If you haven't heard of these topics before, you may not even realize that you've fallen into traps.
There is no foolproof way to catch unknowns when they are nearby, but we should look for them under at least one layer of abstraction. Especially if the project requires learning something new, you should always learn more than necessary. This will reduce the risk of unexpected errors at the level of abstraction.
When working with or learning an unfamiliar platform/language/tool/library/technology:
- Read more documentation than the bare minimum
- Watch the video
- The presentations at the conference are of the highest quality.
- Read blog posts
- Read the source code
- Expand your understanding of the abstractions you will have to work with
- Learn about features recently added to the programming language you are working with.
- Explore all public library features, not just the ones you use.
- See all the flags in the CLI tool's man page.

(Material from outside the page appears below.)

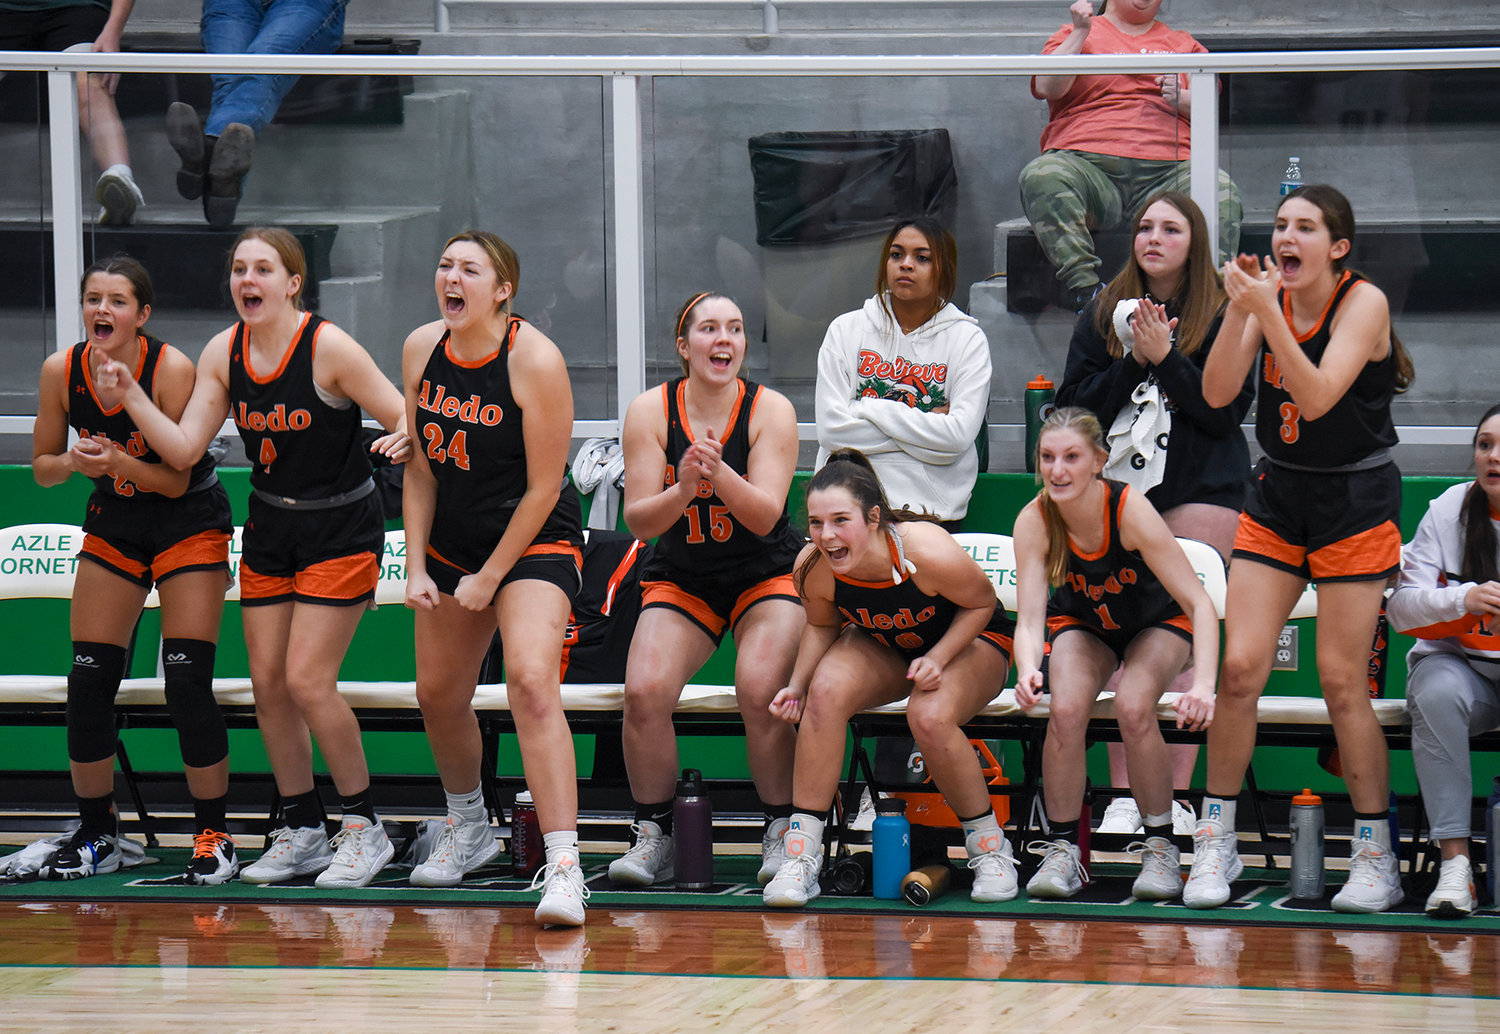 The Ladycats varsity basketballtTeam cheered with excitment when the team tied Azle 36-36 in the fourth quarter of their home game on Tuesday, Jan. 10.. The Ladycats went on to win the game 47-38.

- Learn abstractions at least at a level lower than you need.
- Learn about your compiler's optimizations.
- If you're using a service, look into an orchestration platform (such as Kubernetes).

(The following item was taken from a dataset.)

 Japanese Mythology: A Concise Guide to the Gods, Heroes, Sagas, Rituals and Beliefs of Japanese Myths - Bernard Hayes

- If you work in Java, learn the JVM.
- If you work in Python, learn the Python interpreter.
Conclusion
Abstractions are necessary because they allow us to think effectively, but they are insidious because they can make us feel like we “know enough.” Programmers who learn superficially will not succeed in complex projects. Those for which there are no known solutions and which do not span multiple subject areas.
However, the ideal picture presented in this article must be measured against reality. Obviously, in a rush, we cannot take the time to study every little detail. Moreover, beginners cannot be expected to be so meticulous. Ideals must be balanced against real circumstances.
Real circumstances must be balanced against ideals, however. We must be willing to incur some short-term costs in order to gain time for careful learning and testing. Not only to write correct code, but as part of our long-term professional development.